The outline here is similar. jank generates a struct from the expression. We have constants lifted to members, and we initialize those in the struct's constructor. Then we have a call function which does our work. But, looking at our call function, we can see it's creating our vector, too; jank only lifted the numbers, not the whole vector! Let's change that.

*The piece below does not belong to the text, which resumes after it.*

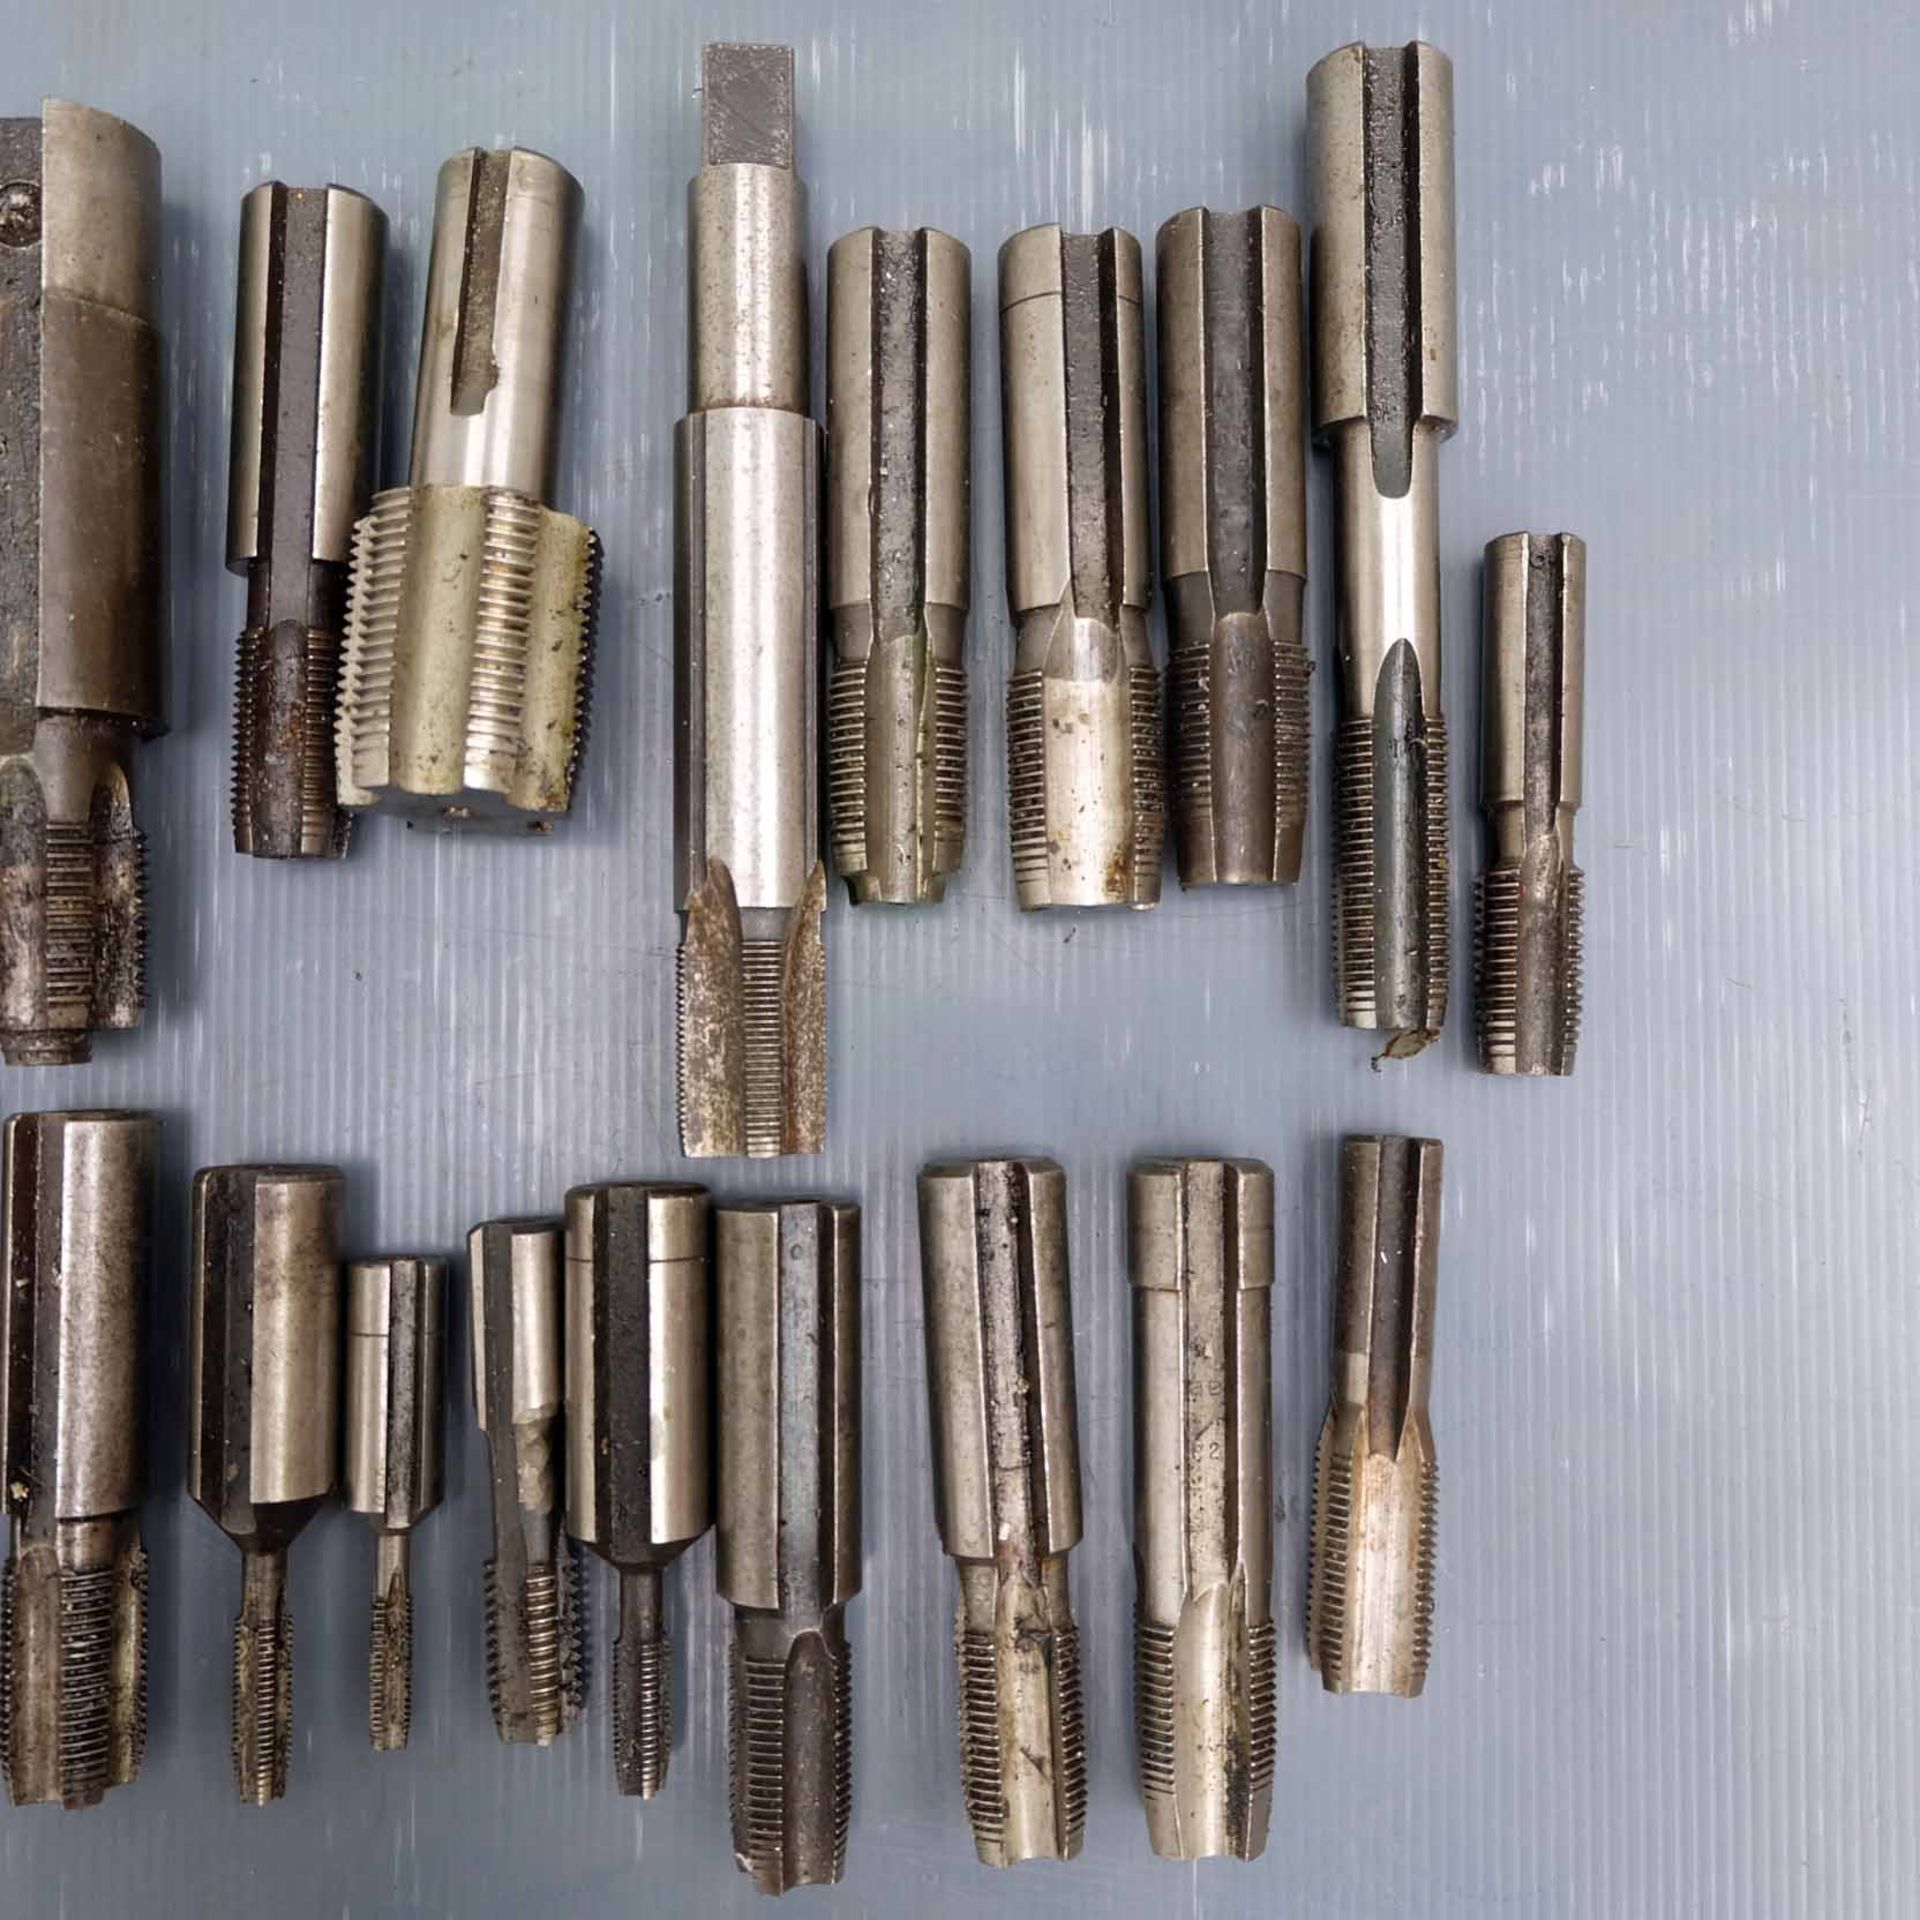 Quantity of Slotted Shank Fitting Taps. Various Sizes. - Image 4 of 4

The changes: 2a8014dfae6e57273983cee8f2c7f78a2be7fe73

ns/op	op/s	err%	ins/op	branch/op	miss%	total	benchmark
4,671.71	214,054.61	0.2%	23,798.02	6,721.00	0.3%	0.03	`apply`

Nice! We've gone from 6,191 ns to 4,671 ns by ensuring we lift the vector out. Our generated call function just looks like this now:

jank::runtime::object_ptr call() const override
{
  using namespace jank;
  using namespace jank::runtime;
  object_ptr call169 = jank::runtime::dynamic_call
  (
    apply154->get_root(),
    str155->get_root(),
    const166
  );
  return call169;
}

Very similar to the generated Clojure load function! But still over 4x slower. We know the generated code is good, so let's dig deeper into what's going on when we call these functions.

Sequence lengths

If we follow how apply works on the C++ side, it looks like this:

object_ptr apply_to(object_ptr const &source, object_ptr const &args)
{
  auto const &s(args->as_seqable()->seq());
  auto const length(detail::sequence_length(s, max_params + 1));
  switch(length)
  {
    case 0:
      return dynamic_call(source);
    case 1:
      return dynamic_call(source, s->first());
    case 2:
      return dynamic_call(source, s->first(), s->next_in_place()->first());
    // more redacted ...
  }
}

We need to know how many arguments we're calling the function with, by getting the sequence length, and then we build out the correct call accordingly. Clojure does the same thing here. Right now, detail::sequence_length is O(n), but our sequences know their length. Let's use that and add a Countable behavior to get an O(1) length check here. The new function looks like:

size_t sequence_length(behavior::sequence_ptr const &s, size_t const max)
{
  if(s == nullptr)
  { return 0; }
  /* This is allow us to be O(1). */
  else if(auto const * const c = s->as_countable())
  { return c->count(); }

  size_t length{ 1 };
  for(auto i(s->next()); i != nullptr && length < max; i = i->next_in_place())
  { ++length; }
  return length;
}

The changes: 0ec065d8ed6a986690c1055ab29d91cc50680921

ns/op	op/s	err%	ins/op	branch/op	miss%	total	benchmark
4,320.42	231,459.17	0.4%	21,956.02	6,150.00	0.4%	0.03	`apply`

From 4,671 ns to 4,320 ns. That's good progress, but we're still a long way off from Clojure's 939 ns.

Packed variadic args

Once we get into dynamic_call, after apply_to, we need to check if the function is variadic and then pack some args accordingly. Let's take a look at our str function, so we can see which path will be taken.

(def str
  (fn*
    ([]
     "")
    ([o]
     (native/raw "__value = make_box(#{ o }#->to_string());"))
    ([o & args]
     (native/raw "std::string ret(#{ o }#->to_string().data);
                  auto const * const l(#{ args }#->as_list());
                  for(auto const &elem : l->data)
                  { ret += elem->to_string().data; }
                  __value = make_box(ret);"))))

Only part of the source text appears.